Подход и стиль были непри­вычны для русской эмигрант­ской печати, и никакой реакции на статьи Донде не после­до­вало. Они попросту не были поняты, ибо не попа­дали в готовые смыс­ловые лунки. Эмигрант­ская лите­ра­тура распа­да­лась на партии, каждая из которых была физи­чески неспо­собна вгля­деться в доводы против­ников. Человек, не принад­ле­жавший ни к одной из партий, оказы­вался в полной пустоте. С эссе­и­стикой Донде произошло то же самое, что и с прозой.

В прозе Донде (еще не Кустарев) пробует силы начиная с 1970-х. Тут была и попытка боль­шого романа, и короткие очерки, пред­став­лявшие собою обра­ботку город­ских баек-анек­дотов совет­ской дисси­дент­ство­вавшей интел­ли­генции, — с выяв­ле­нием мотивов тех, кто эти байки расска­зы­вает. Все эти опыты оста­лись в руко­писях, частично потерянных.

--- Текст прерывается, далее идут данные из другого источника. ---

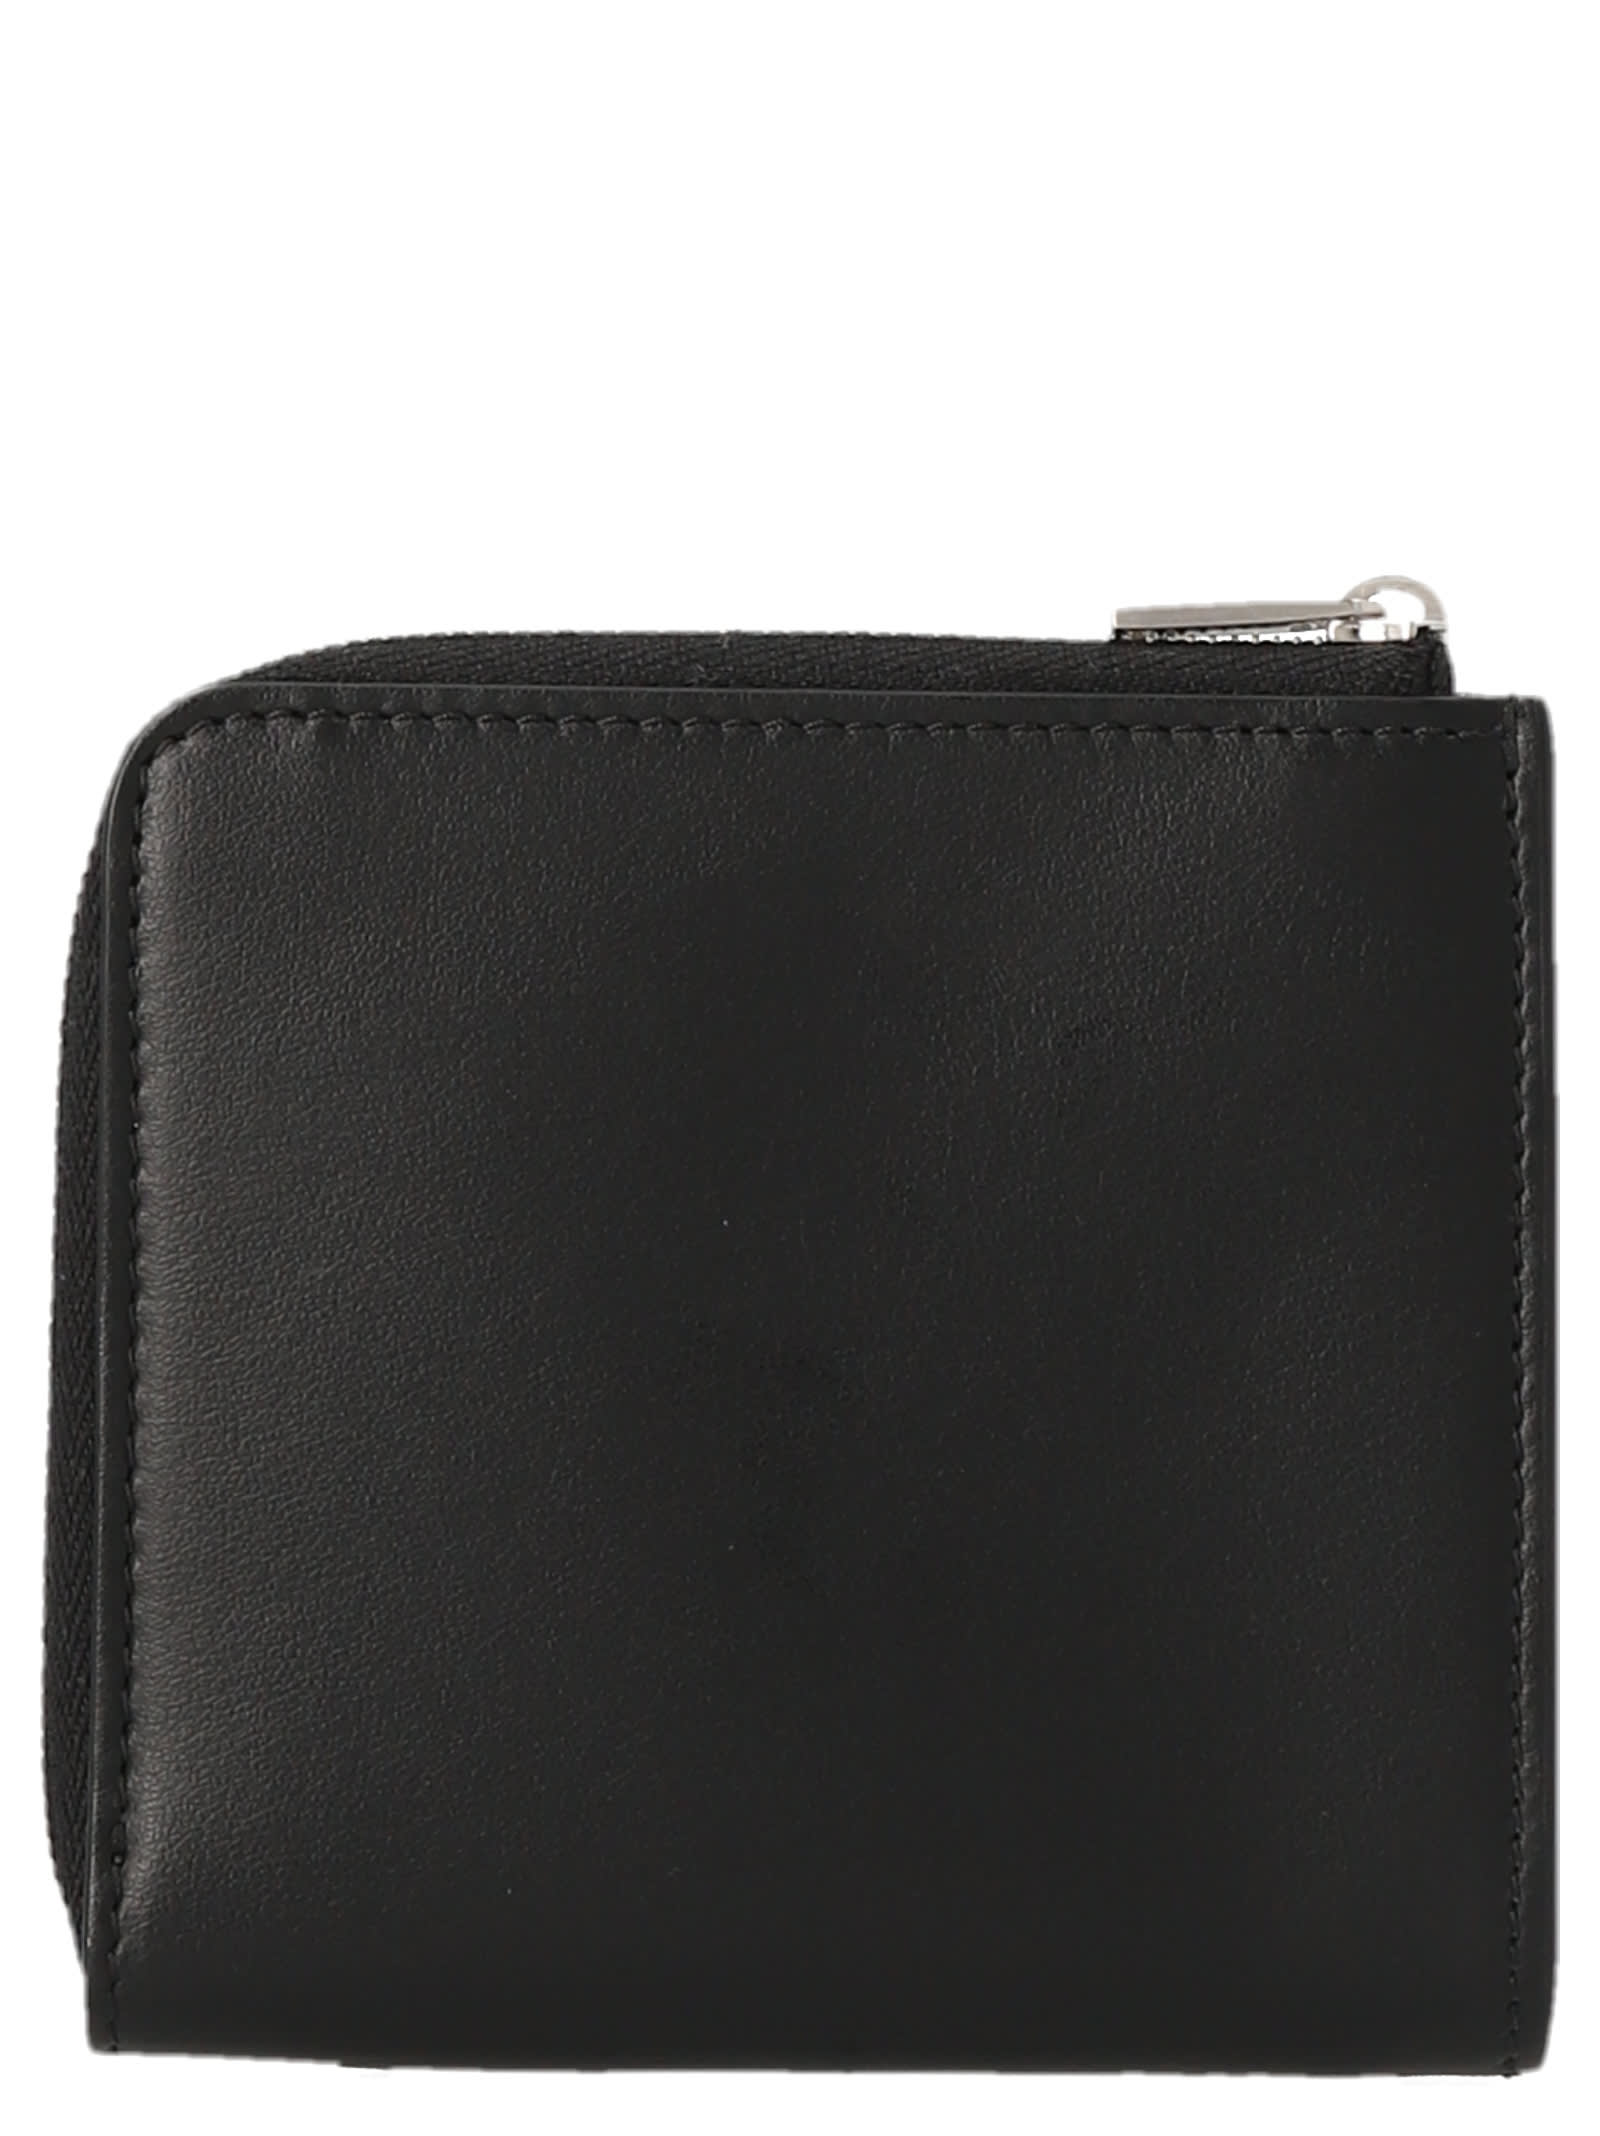 Shop Jil Sander Leather Wallet

Оказав­шись в Америке, Донде словно бы обрел голос — и чуть не за две недели написал роман Разно­гласия и борьба. Мы видели, как он был принят. Только слепой мог прогля­деть значение этой вещи — но все вокруг и были слепы: ослеп­лены партийным пристра­стием. Проза, не укла­ды­вав­шаяся в партийные шаблоны, как бы не суще­ство­вала; сказать о ней было нечего — и критика ее не заметила.

За Разно­гла­сиями после­до­вала вещь под назва­нием Вальс — о злоклю­че­ниях рядовой совет­ской женщины из низов. В точности, как некогда Досто­ев­ский, Донде взял мате­риал из пери­о­дики и пере­осмыслил его. Полу­чился этакий мело­дра­ма­ти­че­ский эпос, втис­нутый в 80 страниц. Написан он уже совсем теле­графным стилем. По признанию самого автора, вещь возникла не без влияния амери­кан­ского этно­графа Оскара Льюиса, созда­теля концепции куль­туры бедноты и автора доку­мен­таль­ного очерка-романа Дети Санчеса.

Затем были напи­саны Разго­воры беженцев — в духе известной вещи Бертольда Брехта, но с той разницей, что о поли­тике и за жизнь рассуж­дают не два немца в Хель­синки, а два русских в нью-йорк­ском баре. Наконец, уже в Лондоне в сере­дине 90-х Донде закончил большой роман под назва­нием Похи­щение детей: мелан­хо­ли­че­ское повест­во­вание об этаком Вечном жиде, цепь приклю­чений-реин­кар­наций. Обе вещи до сих пор полно­стью не опубликованы…

После ухода в 1997 году с Би-Би-Си на раннюю пенсию (этот уход пото­ро­пили инфаркт и операция на сердце) Донде зани­ма­ется преиму­ще­ственно лите­ра­турным трудом, а сверх того рабо­тает научным сотруд­ником в инсти­туте русской истории и по нескольку месяцев в году живет в Москве.